Okay, Facebook, what the heck is up?
For a few months, I’ve been puzzled by images that flash on the screen as I scroll down and then disappear. I’ve now concluded that it’s probably some attempt at subliminal advertising. Blechhhhhh!
Now, I get a new suggested friend, an attractive 50-something blond I’ve never heard of, who is NOT suggested because we have mutual friends, and whose profile is virtually blank except for a larger version of the head shot that confirms that, yes, she is indeed an attractive 50-something blond.
This is getting genuinely creepy. I suspect I shall become even scarcer around here. I’ve already posted about where you can find me on the Indie Web.

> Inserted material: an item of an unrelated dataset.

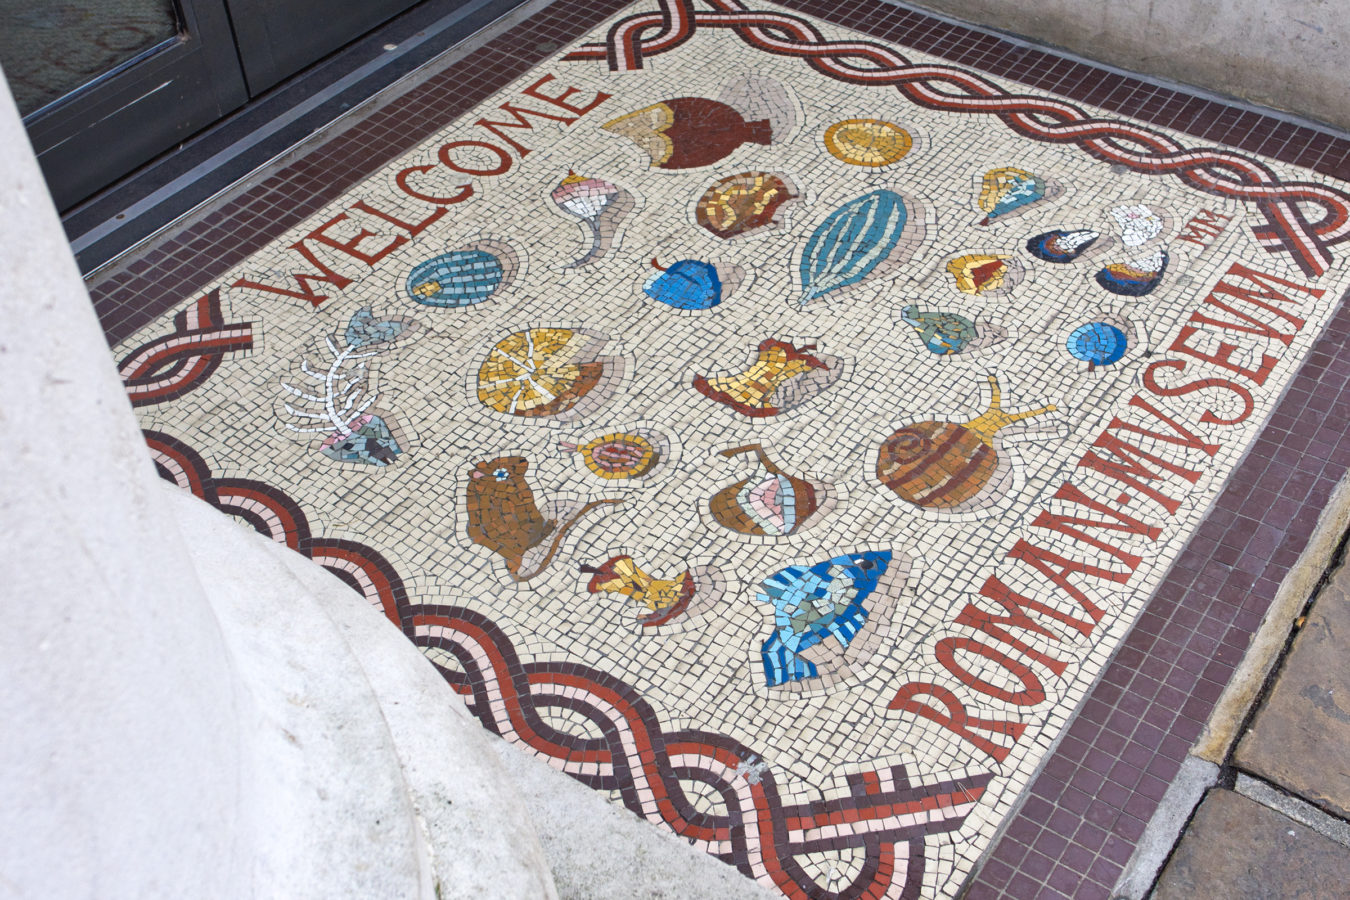 Floor mosaic outside the museum that says 'Welcome - Roman Museum'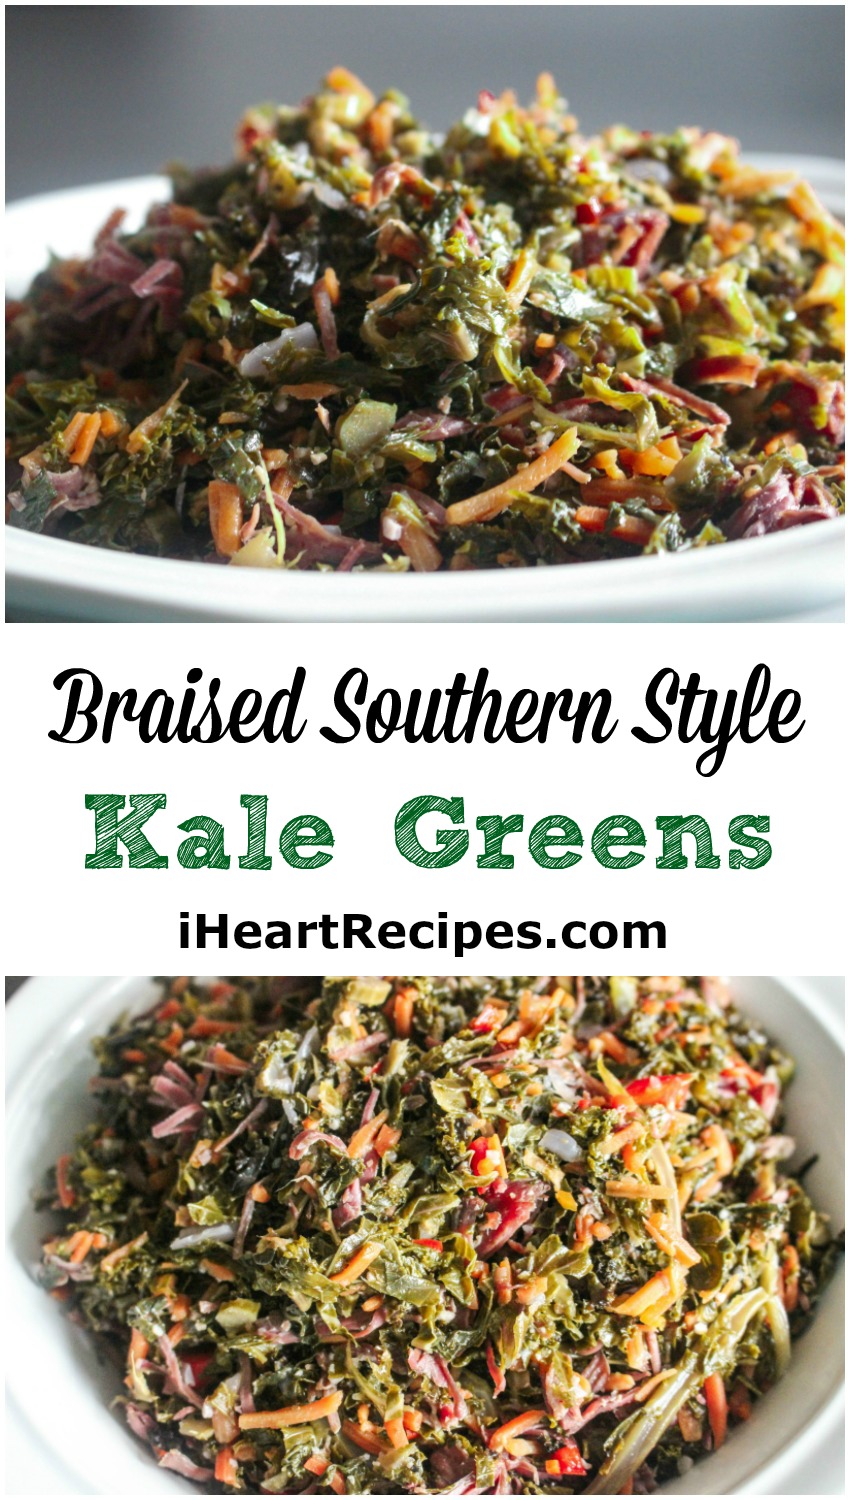 Braised Southern Style Kale I Heart Recipes

So I’m going to resort to my old aggregation, except I’ll be aggregating mostly me.
Joseph M. Bessette notes that Pope Francis branded the death penalty “inadmissible”: “Unless the death penalty is intrinsically evil—and the pope has made no such claim—then its advisability is a matter for citizens and legitimate public authority.” Argues that it deters, too.
My party assigned at birth is Republican, but I now consider myself party-fluid.
6
A national organization I’ve reflexively supported for years, I notice, has scheduled seven fundraisers. Three keynoters unknown to me, three dubious celebrities, and one Dinesh D’Souza, who hassunk to trolling. Time to reconsider support.
7
One of my friends likes to joke that the only improvement to the 1983 Code of Canon Law is that it is no longer an excommunicable offense for a layman to deck a cleric. Perhaps this improvement was providentially ordained by God as an additional tool in the box for responding to crises such as these.
[If you haven’t been paying attention to the stresses in Europe — and I confess more than slight sympathy for Hungary and other nations who, in sloppy journalese, are becoming “nationalistic” in response — Friedman’s column is not a bad primer.]
9
We’ve ended up with a large number of “supposed evangelicals” who … think that because they watch Fox News, respect religion, and vote Republican, they must be evangelicals.
Ayjay’s Second Law: The least valuable Christian writers to read are those for whom the log is always in someone else’s eye.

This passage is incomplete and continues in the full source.